Fibrosis is characterized by excessive deposition of connective tissue often in conjunction with a reparative or reactive process [1]. Fibroblast proliferation, emergence of myofibroblasts, ECM deposition and tissue remodeling are additional key features [1]. Chronic progressive fibrosis can occur in virtually all organs including the lung[2], kidney[3], liver[4], skin[5] and heart[6]. It is commonly a result of excessive, prolonged or repeated injury with associated chronic inflammation [1-6]. Extensive research have uncovered complex mechanisms underlying fibrosis, which involve multiple cell types, factors, signaling pathways and genes[1-6]. In particular and germane to this review is recent mounting evidence from both animal model and human studies implicating the Notch signaling pathway in the pathogenesis of fibrosis [7-19].

Notch signaling

The Notch signaling network is an evolutionarily conserved intercellular signaling pathway that regulates interactions between physically adjacent cells [20]. Five ligands, namely Delta-like 1, Delta-like 3, Delta-like 4, Jagged-1 and Jagged-2 [21], were identified for the four notch receptor members Notch 1, Notch2, Notch3 and Notch4 in mammals[20-23]. The Notch receptors are single transmembrane polypeptides synthesized in the endoplasmic reticulum and transported to the cell surface through the trans-Golgi network [23]. They share structural elements containing an extracellular domain with multiple epidermal growth factor-like (EGF) repeats, transmembrane domain, and an intracellular domain with multiple subdomains[20-23]. The Notch proteins are cleaved in the trans-Golgi network, and presented on the cell surface as a heterodimer[20-23].

Binding of ligands from the surface of neighboring cells to the receptor on the adjacent cell induces the conformational change of Notch, leading to the exposure of S2 site and triggers sequentially proteolytic cleavage by A Disintegrin and Metalloprotease (ADAM) and the γ secretase complex[20-24]. Cleavage by ADAM produces a substrate for the second cleavage by the presenilin-containing γ-secretase complex, releasing the Notch intracellular domain (NICD) [23, 24]. The cleaved NICD is then translocated to the nucleus where it binds with the transcription factor CBF1/Suppressor of hairless/Lag1 (CSL) and modulates gene expression [23, 24]. Without NICD, CBF1 (also known as RBPJ) protein binds to the consensus DNA sequence in association with SMART/HDACs complex, acting as a transcriptional repressor [25, 26]. Interaction between NICD and CBF1 displaces the SMART/HDACs corepressor complex, which is replaced with a co-activator complex (MAML1-3, EP300 and SNW1). This results in the transcriptional activation of the target genes primarily involving two families of helix-loop-helix transcription factors Hes (Hairy enhance of split) and Hey (Hairy/enhancer of spit related with YRPW motif) [25]. In addition to this canonical signaling pathway, non-canonical Notch signaling independent of either CBF1 or γ-secretase cleavage, or both have been identified [20-22, 25]. Post-translational modifications including O-fucosylation and O-glycosylation via fringe proteins (lunatic, radical, and manic) regulate the specificity of Notch receptor-ligand binding, and are also critical for its function [27].

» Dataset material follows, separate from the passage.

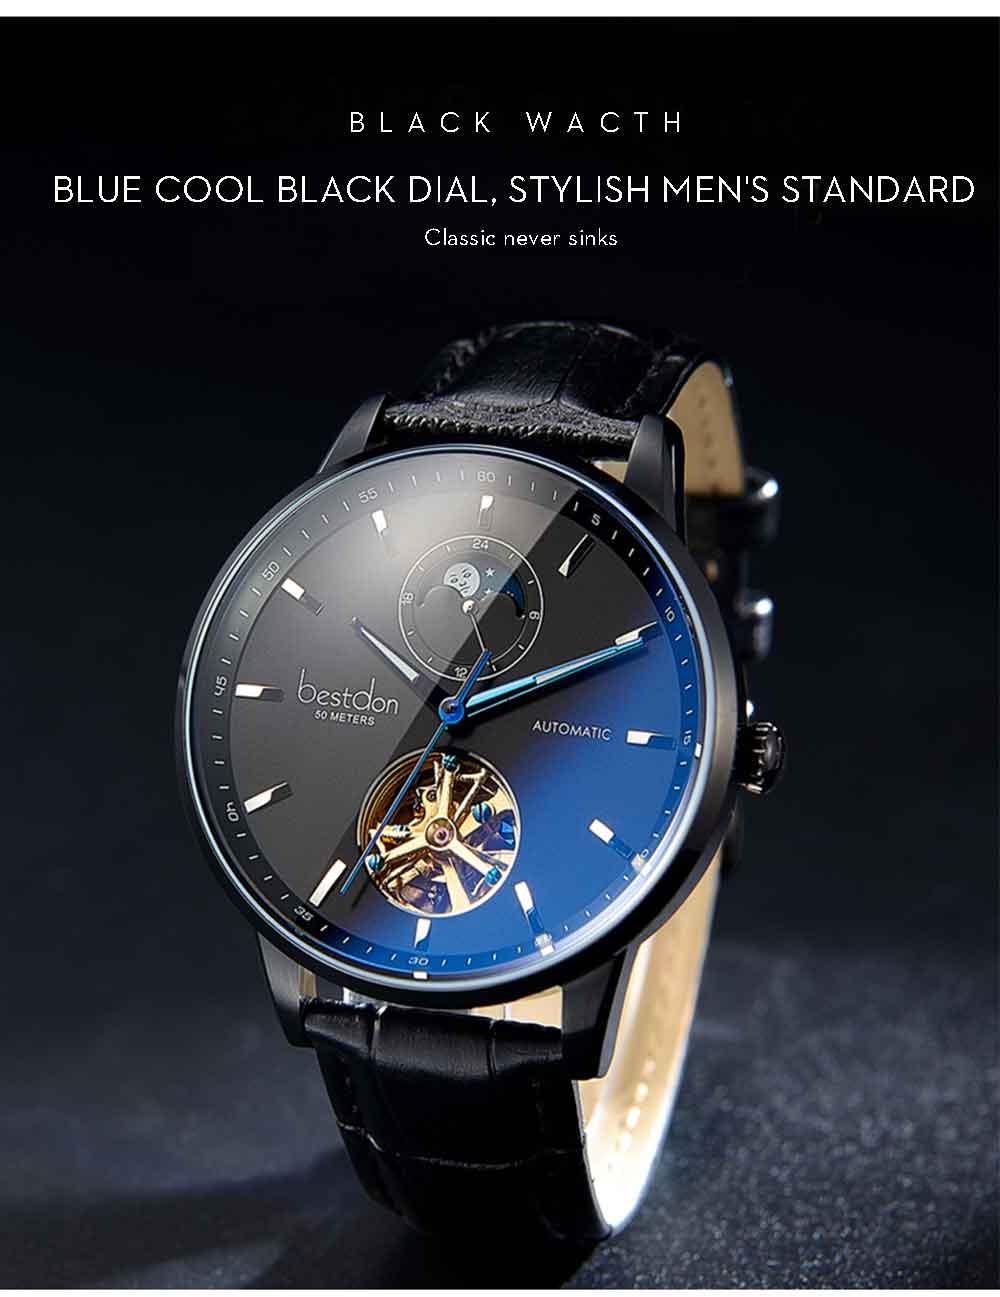 HTB1c K1ajzuK1RjSspeq6ziHVXa4 Bestdon Luxury Mechanical Watch Men Automatic Tourbillon Sports Watches Mens Fashion Switzerland Brand Watch Relogio Masculino

Termination of Notch signaling in the cell can occur naturally at or downstream of the Notch receptor[28-31]. The Notch receptor can undergo lysosomal degradation involving the ubiquitin ligase Itch/AIP4 or Nedd4, which act together with Numb [30] and Itch/AIP4 [28-30]. GSK3 controls NICD1 ubiquitination and proteasome-mediated degradation by phosphorylation of the NICD and regulates the NICD interaction with the E3 ubiquitin ligase CDC4/FBW7 [32, 33].

Notch and myofibroblast differentiation

Myofibroblasts are cells with phenotype between fibroblasts and smooth muscle cells [34, 35]. They express α-smooth muscle actin (ACTA2) and other general mesenchymal markers such as vimentin, and arise de novo in response to tissue injury [34, 35]. Myofibroblasts are the major extracellular matrix producing cell[34, 35]. They are enriched in injured tissue undergoing repair/remodeling and are thought to promote repair by contracting the edges of the wound[34, 35]. Additionally, myofibroblasts produce matrix to facilitate the the repair process [1, 34-36]. If they do not undergo apoptosis upon successful repair[37], excessive matrix production by persistent myofibroblasts can result in exuberant scar formation and fibrosis [1, 34, 35]. Thus chronic fibrotic lesions in diverse tissues are characterized by persistence of these myofibroblasts [1-6, 37]. Thus targeting this de novo genesis of the myofibroblast and/or its survival have been considered in therapeutic approaches for controlling chronic progressive fibrotic diseases.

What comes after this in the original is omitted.